Everything in the data must be repeated exactly, apart from the pictures, which are left out.

Provided data:

--------------------------------

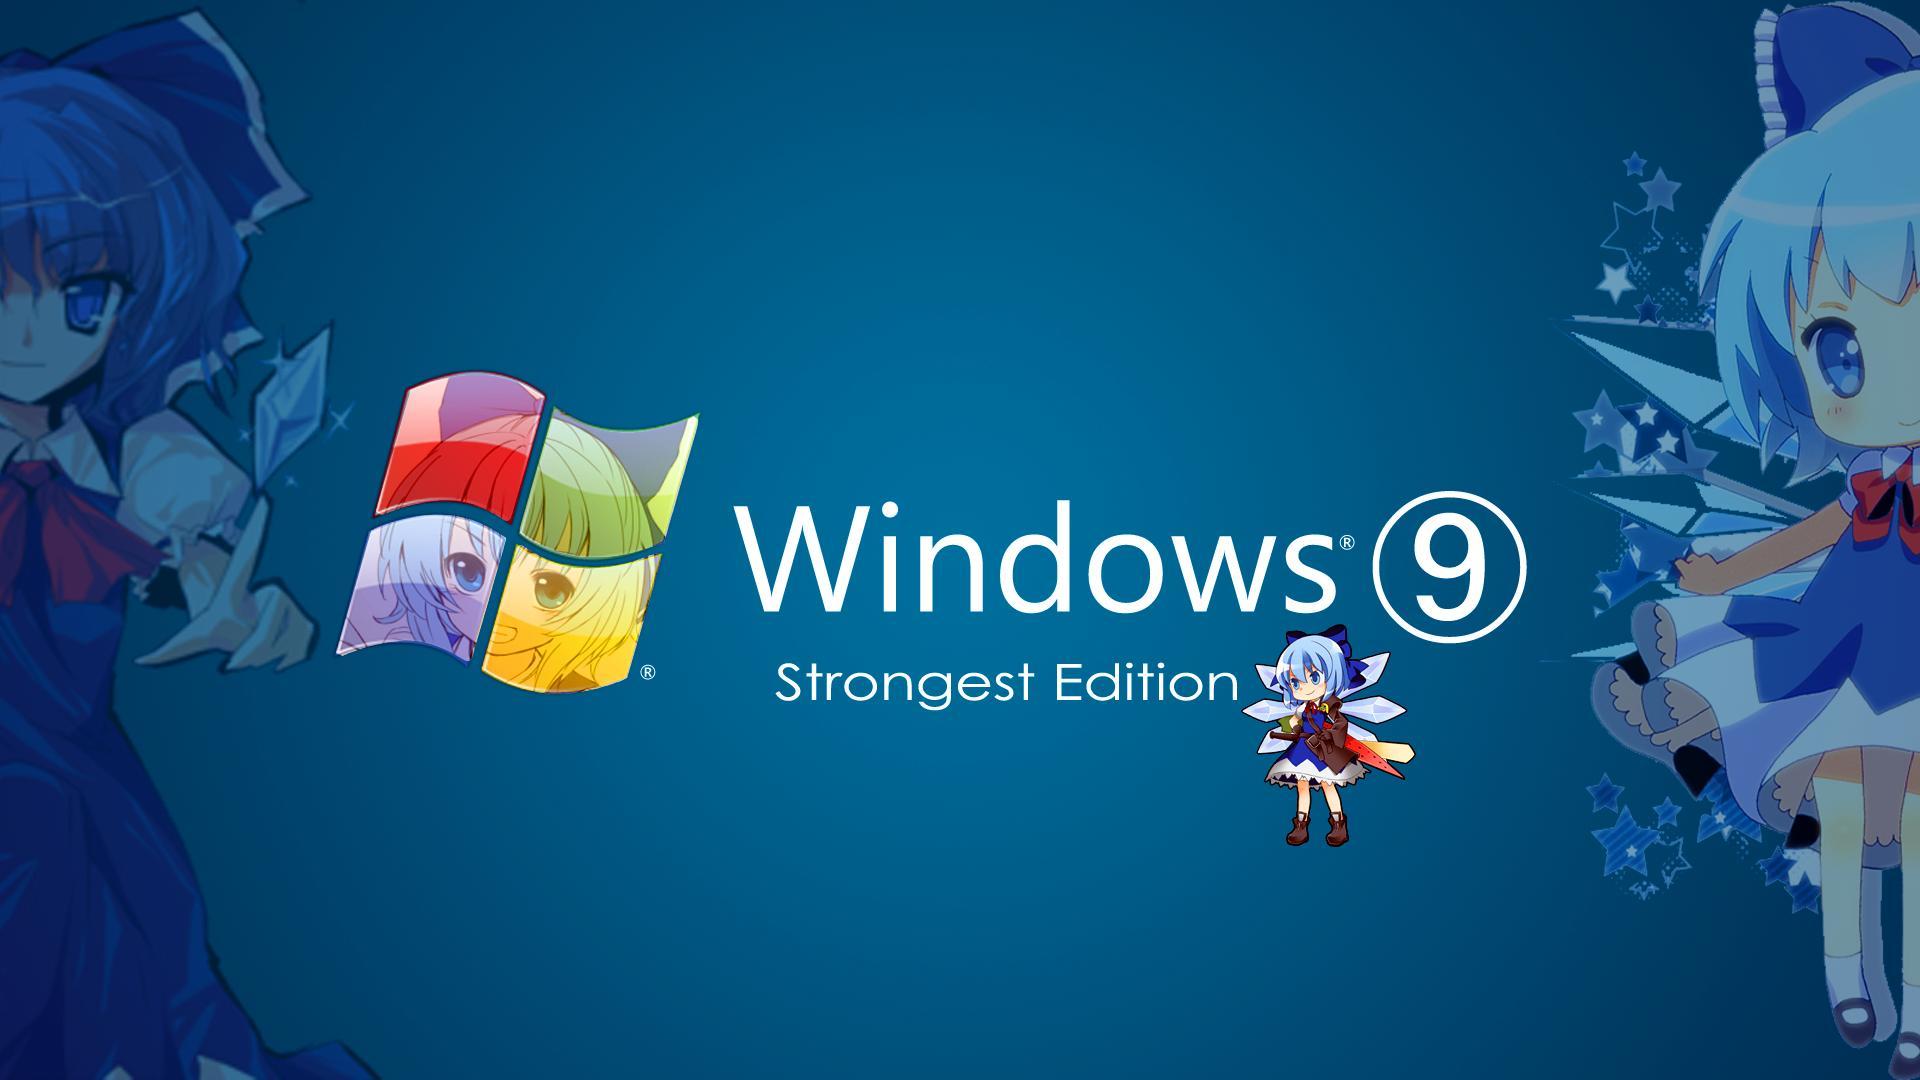 Latest Windows  Hd Wallpaper Free Download Hd Free Wallpapers
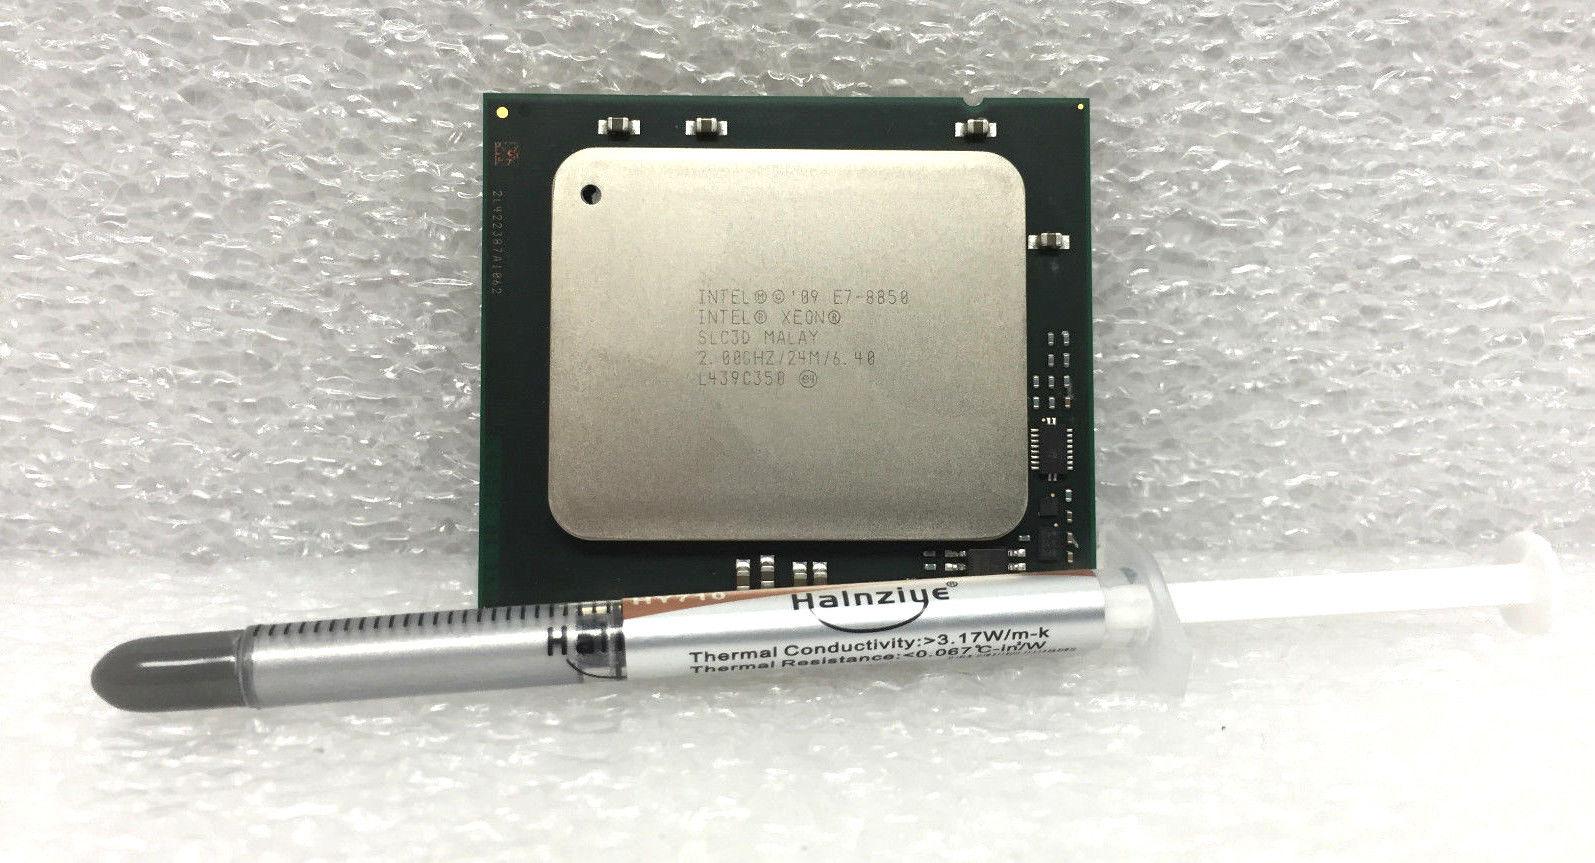 Intel Xeon E7-8850 2.0GHz 10 Core 24MB LGA 1567 Processor (SLC3D)
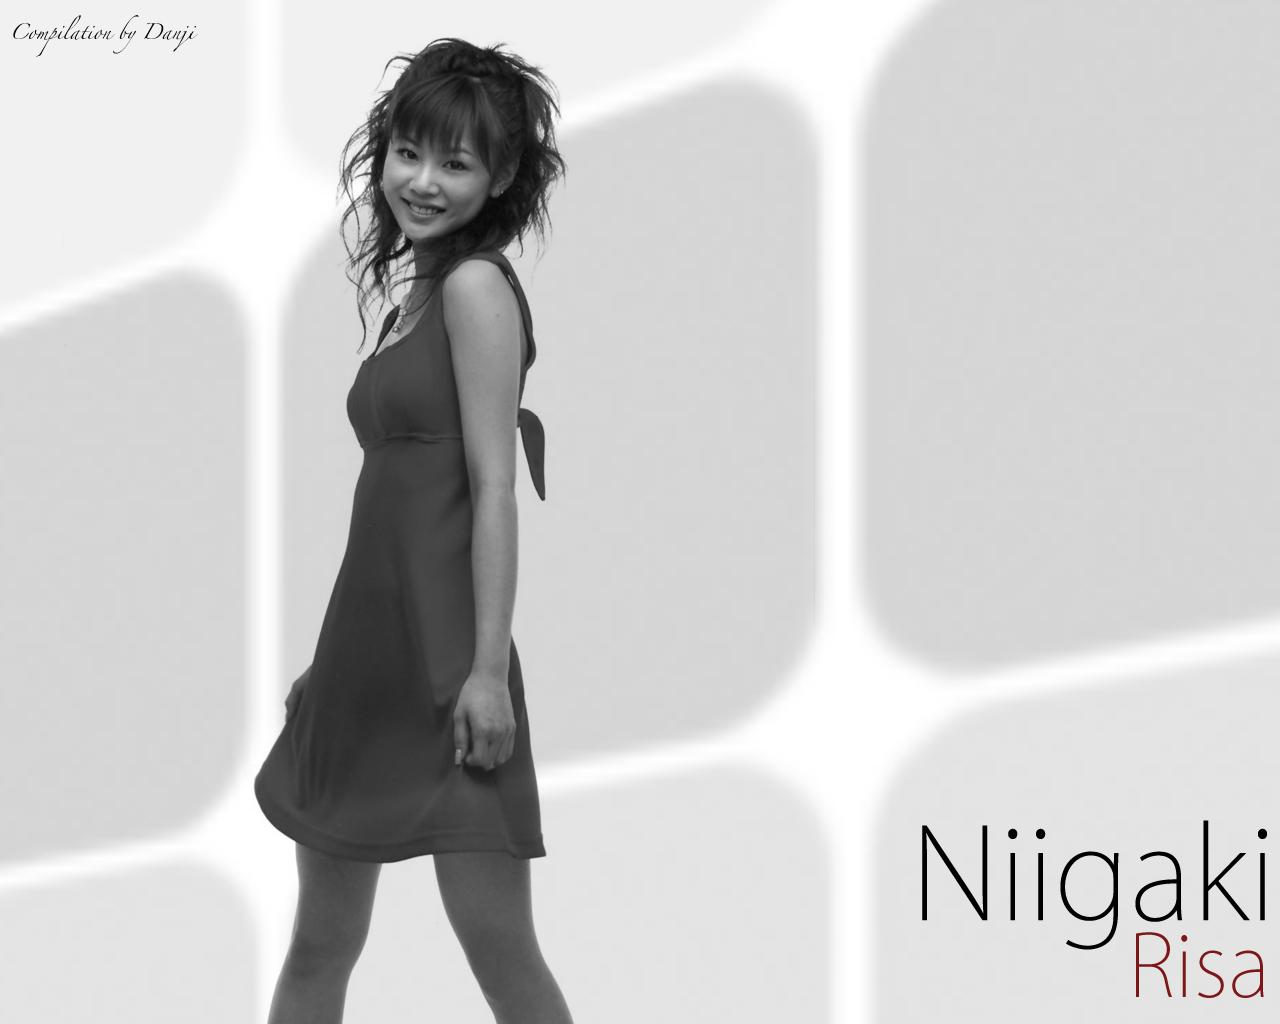 Niigaki-dtop-002
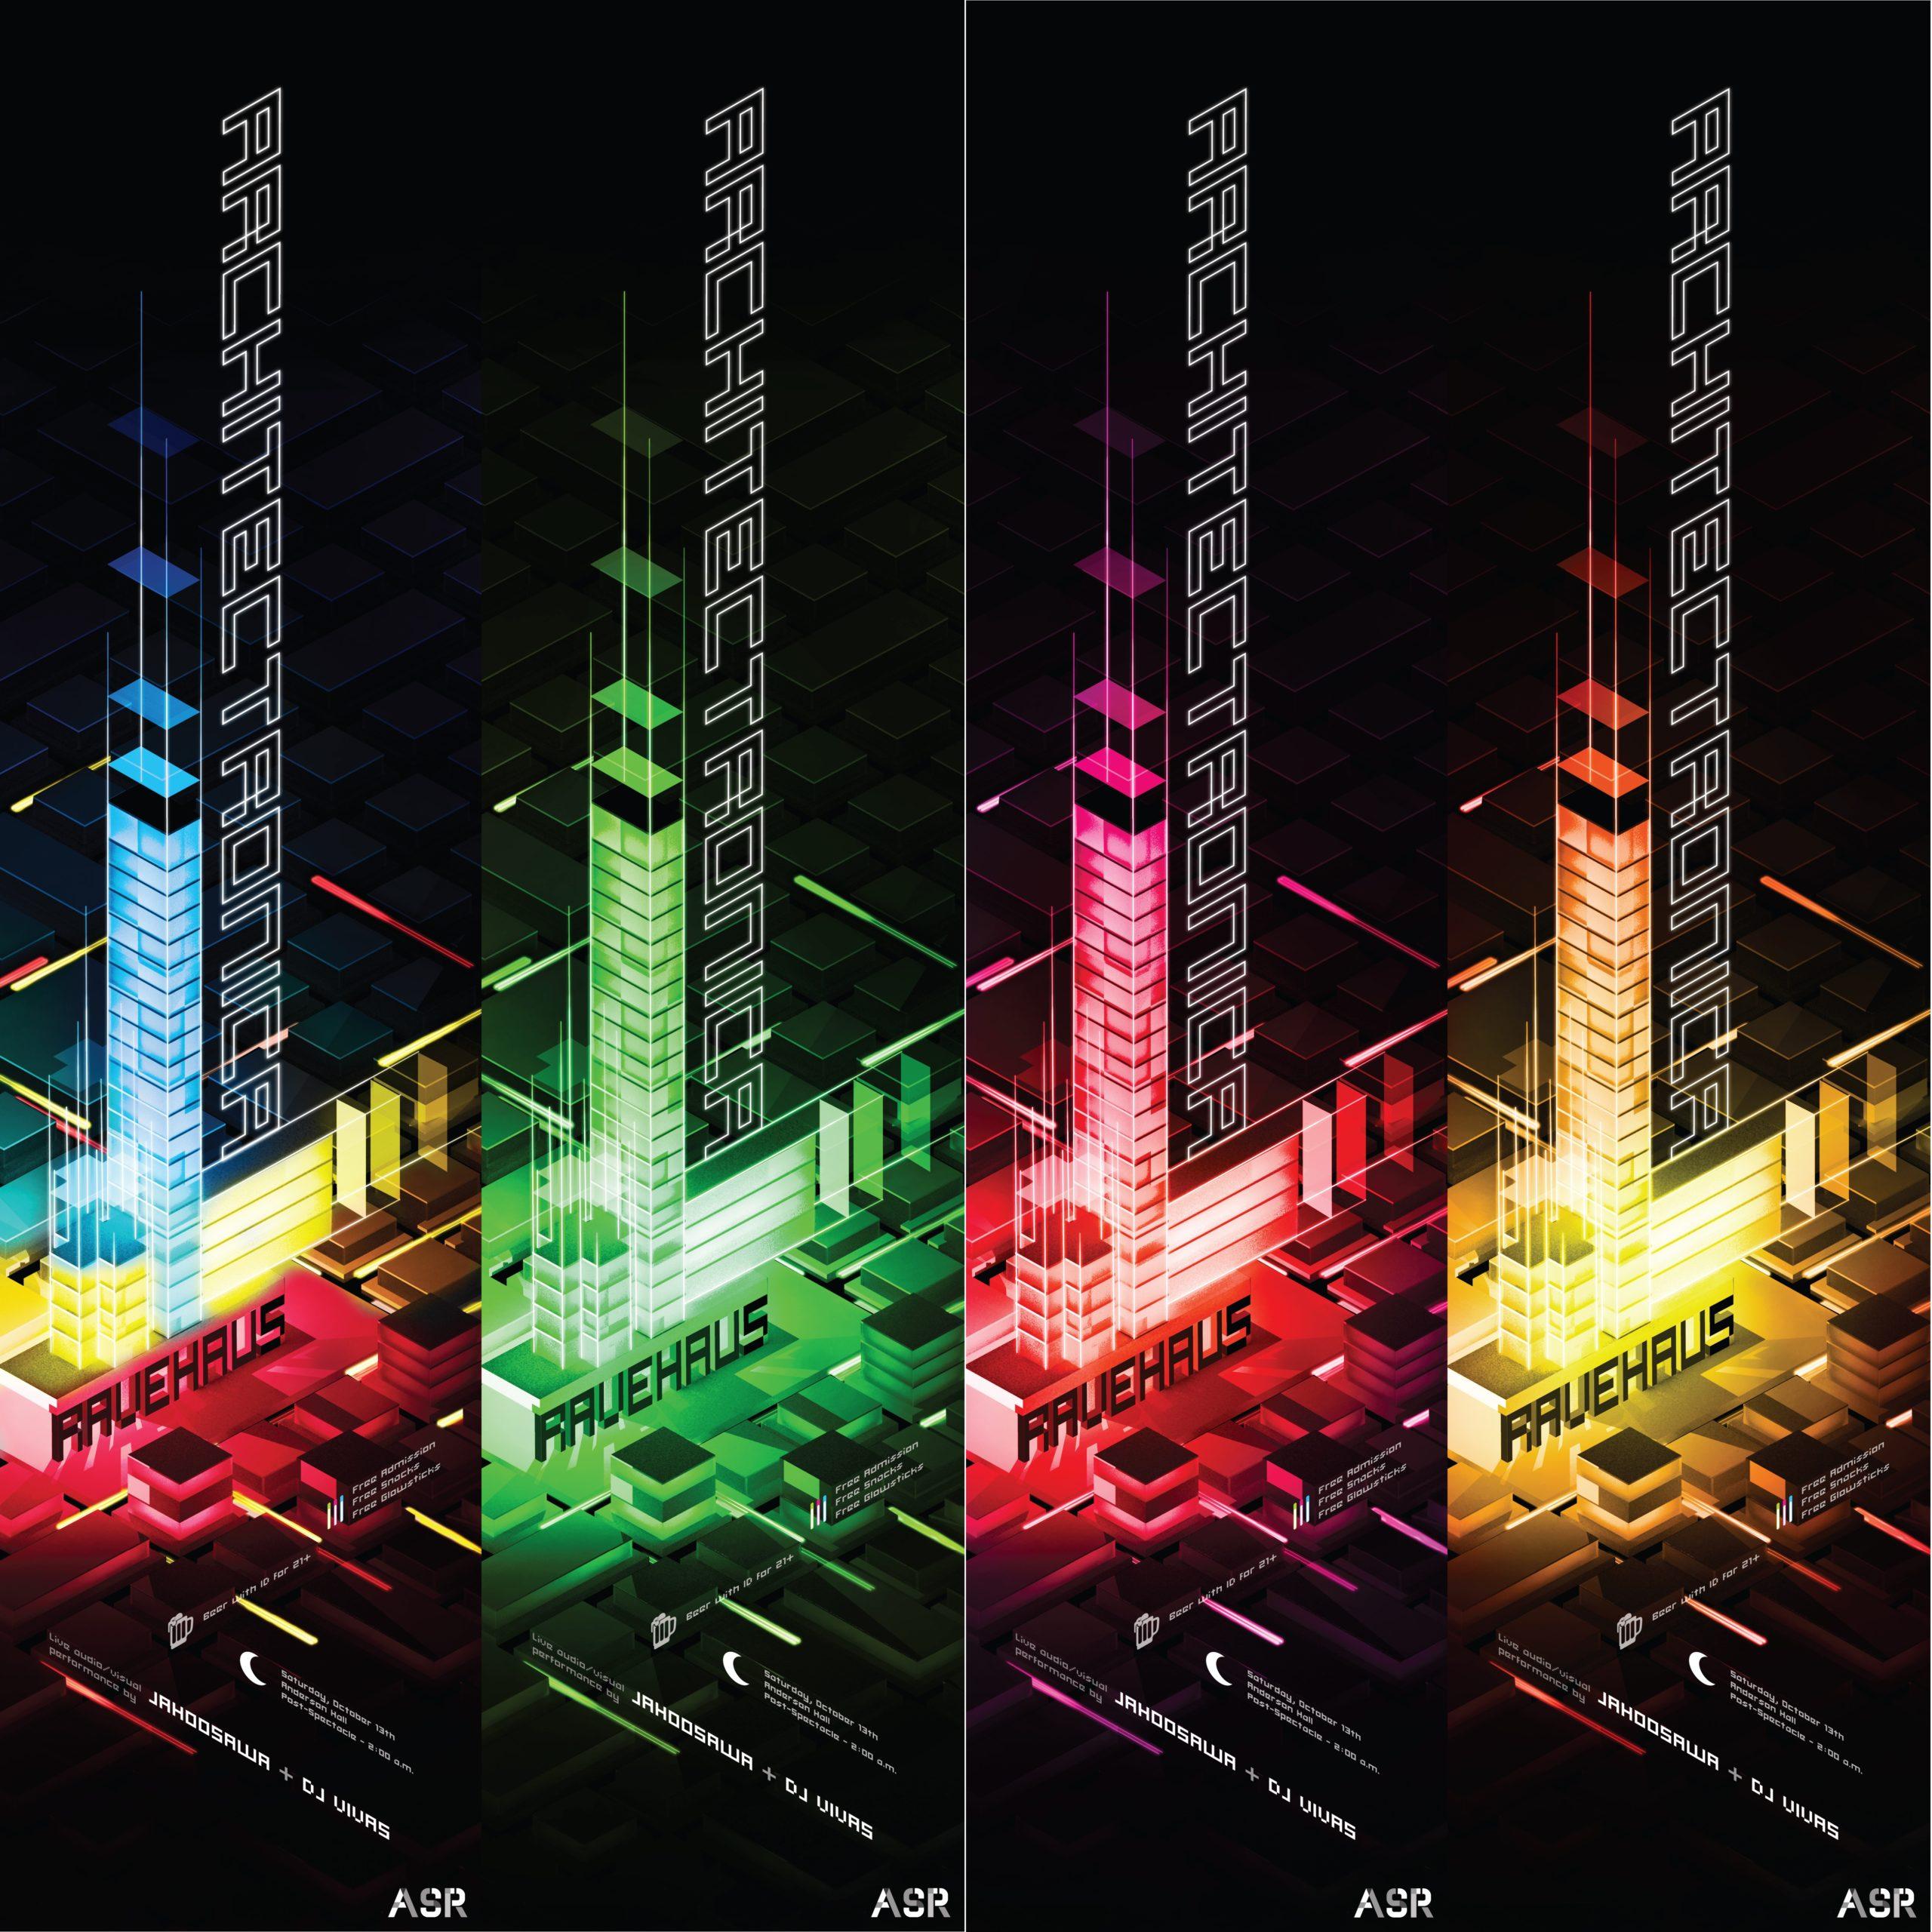 architectronica ravehau5 poster set

--------------------------------

Written solution:
 Latest Windows  Hd Wallpaper Free Download Hd Free Wallpapers
 Intel Xeon E7-8850 2.0GHz 10 Core 24MB LGA 1567 Processor (SLC3D)
 Niigaki-dtop-002
 architectronica ravehau5 poster set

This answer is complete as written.